Pinkie Pie had produced not only her customary bucket of popcorn but a pair of odd, flimsy spectacles with gray lenses. "Ooo," she said.

"This is the land of Equestria," Celestia said. "All that it is, that it was, that it will be. Everything you ever knew, and endless reaches beyond." She gestured with a hoof, and the map flattened, taking on the appearance of a page in a book, a fairytale illustration of Equestria.

Then the book itself appeared, the page bound in it. The page turned, and the ponies found themselves looking at another illustration, a map of a place they'd never seen, with great oceans and strangely-shaped islands. Twilight, studying the map, felt her heart jump as she realized the land running off the right side of the map could be joined seamlessly to the land running off the left.

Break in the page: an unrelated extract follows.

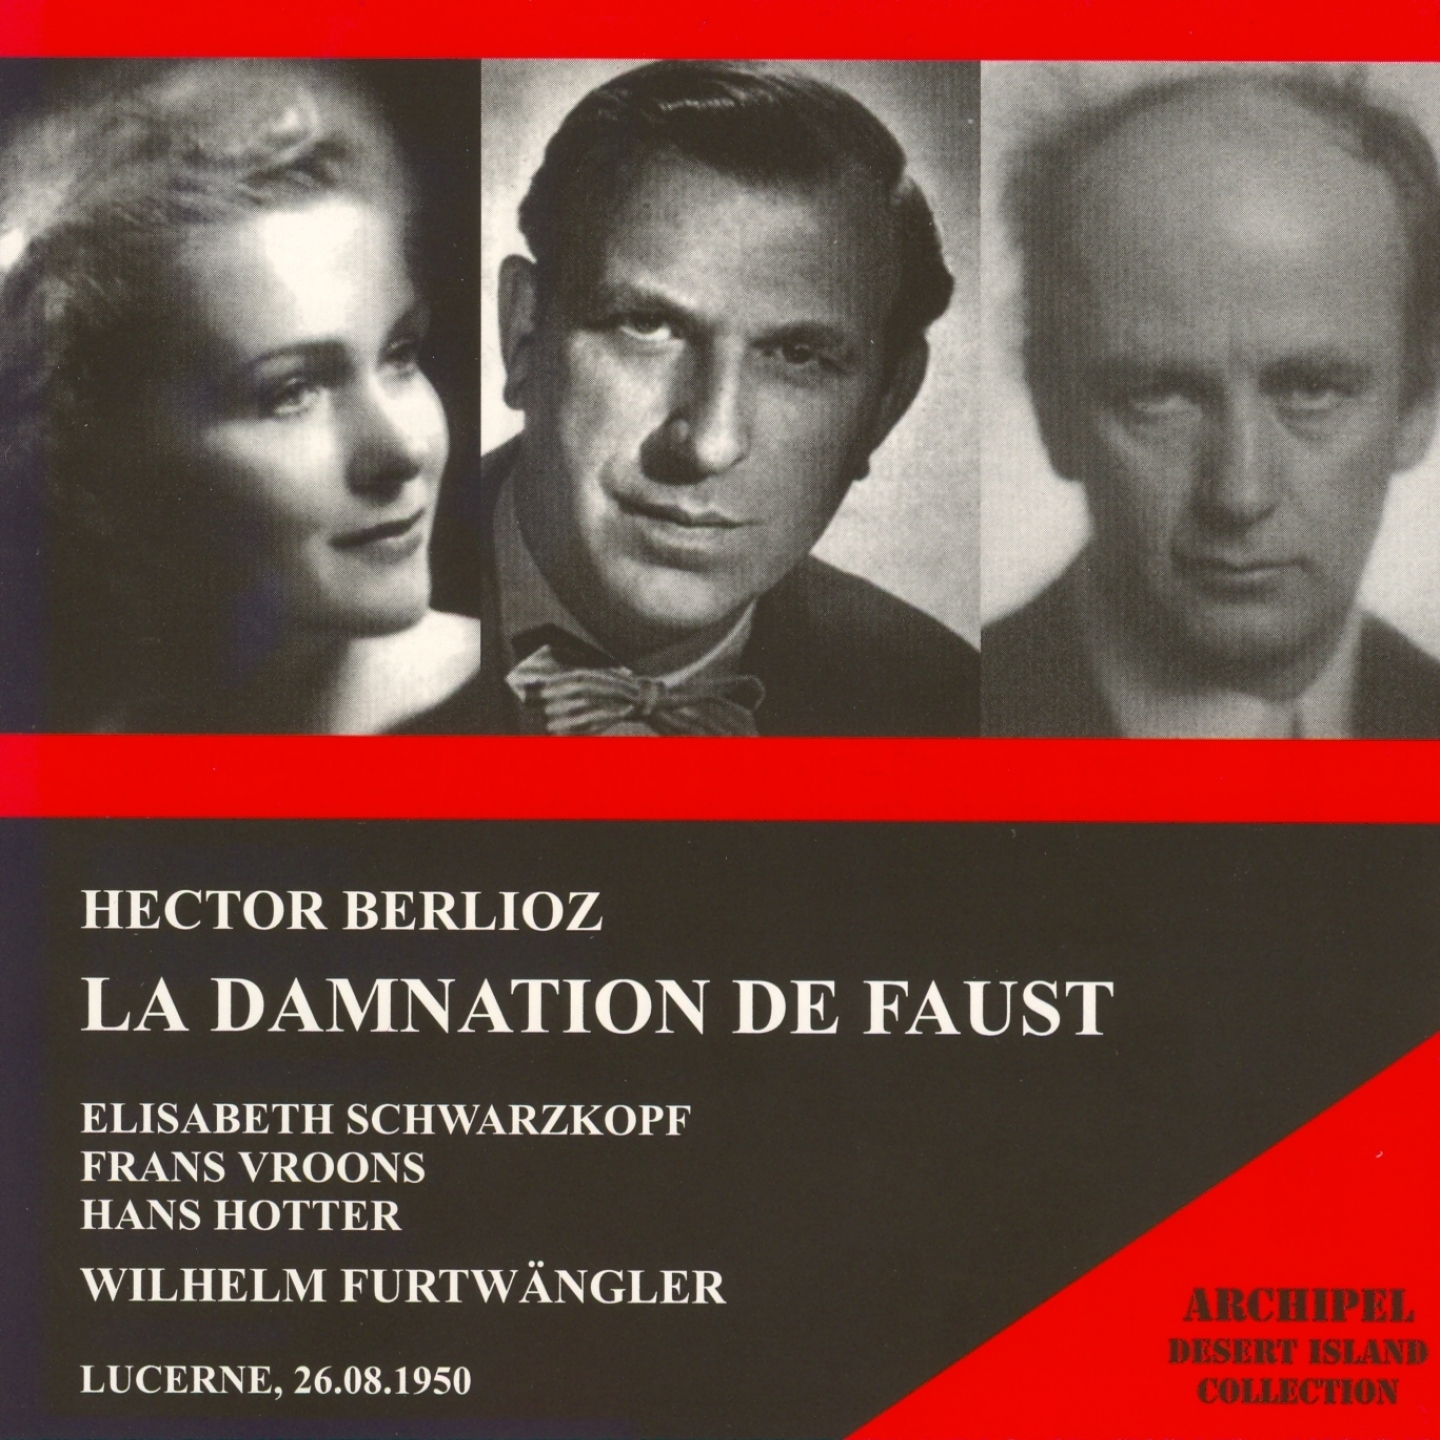 Berlioz: La damnation de Faust (Lucerne 26.08.1950)

"This is another land," Celestia said, and the page turned again, showing another map, one with four colors advancing from north, south, east, and west to blend together in the center, where civilization lay; the map did not so much end at the borders as gradually fade away. "And this is another." She began to flip the pages rapidly now, the book seeming to have no end of them, showing them world after world after world, offering tantalizing glimpses of places Twilight yearned to learn more about. "An endless procession of worlds, all with but one thing in common." The book snapped shut, then turned to show them the cover, a symbolic sun shining against a gentle curve.

"They all have gods."

The six ponies looked confused. This time, Rarity asked. "Er, what are 'gods'?"

Celestia grinned, looking tempted to giggle, but it was Luna who answered. "Gods are immortals, people with great power who look over a world and the people who live in it. They help people to live good and happy lives, and in return the people offer them praise and thanks."

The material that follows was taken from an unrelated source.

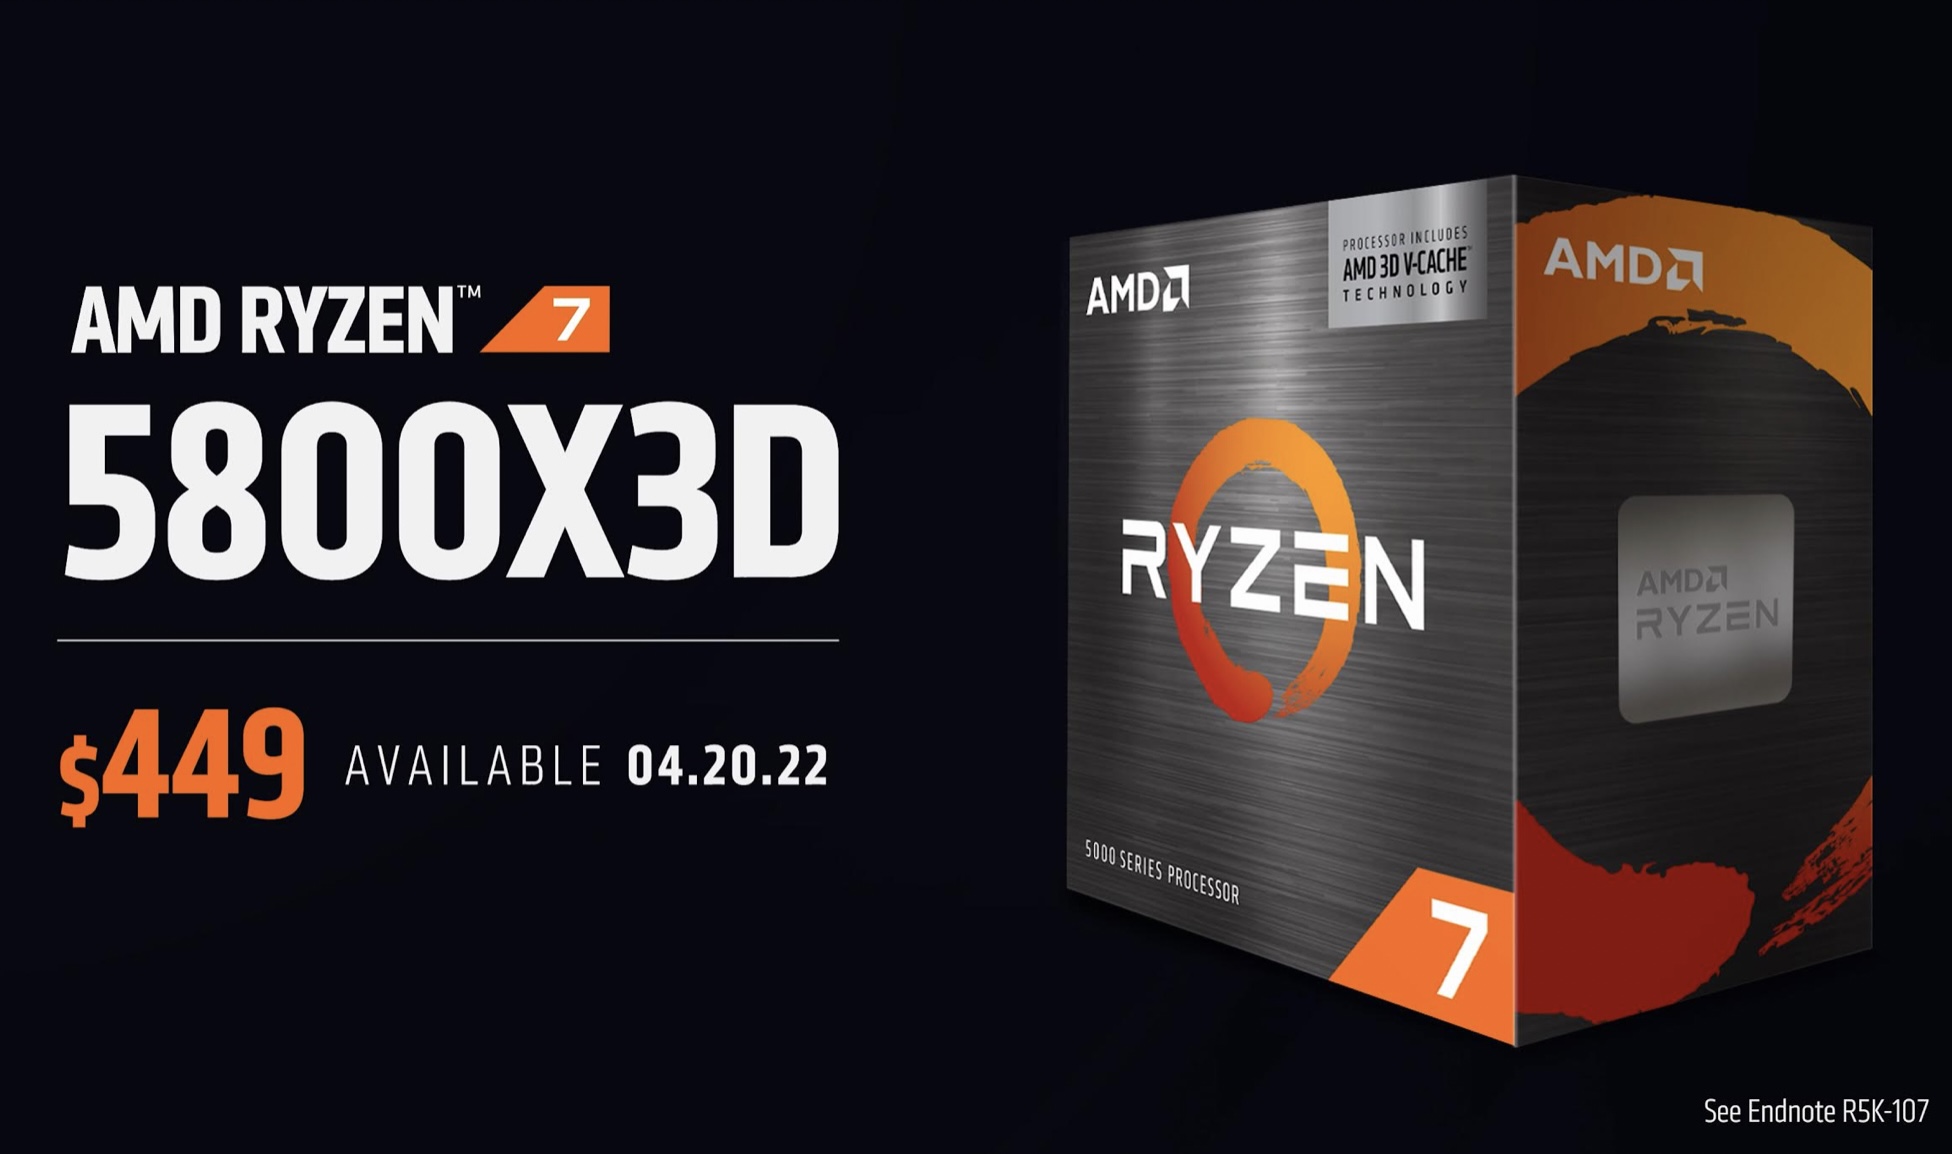 AMD Umumkan Ketersediaan Ryzen 7 5800X3D dan Prosesor Desktop Ryzen Terbaru Lainnya

"Oh, so like you and Celestia!" Pinkie said—then added, "Ooo," as the import sank in.

"Hang on," Applejack said, "you mean there are other princesses out there, looking over all the places you don't? All these different... pages in the book?"

"Well, they're not all princesses," Luna replied, "but yes. Not all of them do it the same way we do, either. Many of them prefer to live apart from the people they care for. Some even go so far as to leave people unsure whether they exist or not. In fact, there are very few things that we all have in common... but one of those things is that we're very important to our worlds."

"Hey, what about the gryphons and zebras and buffalo and stuff?" Rainbow Dash asked. "You don't take care of them."

Celestia replied, "I'm afraid you're wrong about that, Rainbow Dash. To the different people of Equestria, we appear in different forms; it makes our rule easier to accept. Indeed, the form you see before you is not my true form. But your perceptions are still mortal, so this is the form I have made to appear to you in."

"What does this all have to do with us?" Twilight wondered, still dizzied by the thought that there were more beings like Celestia and Luna, indeed a near-countless number if the book were to be believed.

"Nothing lasts forever," Celestia replied. "Worlds, like people, die, and gods die as well, though for no reason as simple as time. But new worlds are also born, and new gods as well. Sometimes, gods come together and give birth to a new god. Other times, the gods of a dead world will choose to die and be born anew. But sometimes... if a mortal is wise, or brave, or clever enough... she can be chosen to become a god."

Silence reigned over the group for a long moment as the ponies stared at the princess. Rainbow Dash broke it.

"What!?"

Luna chuckled. "Yes, Dash. We're asking if you want to become gods."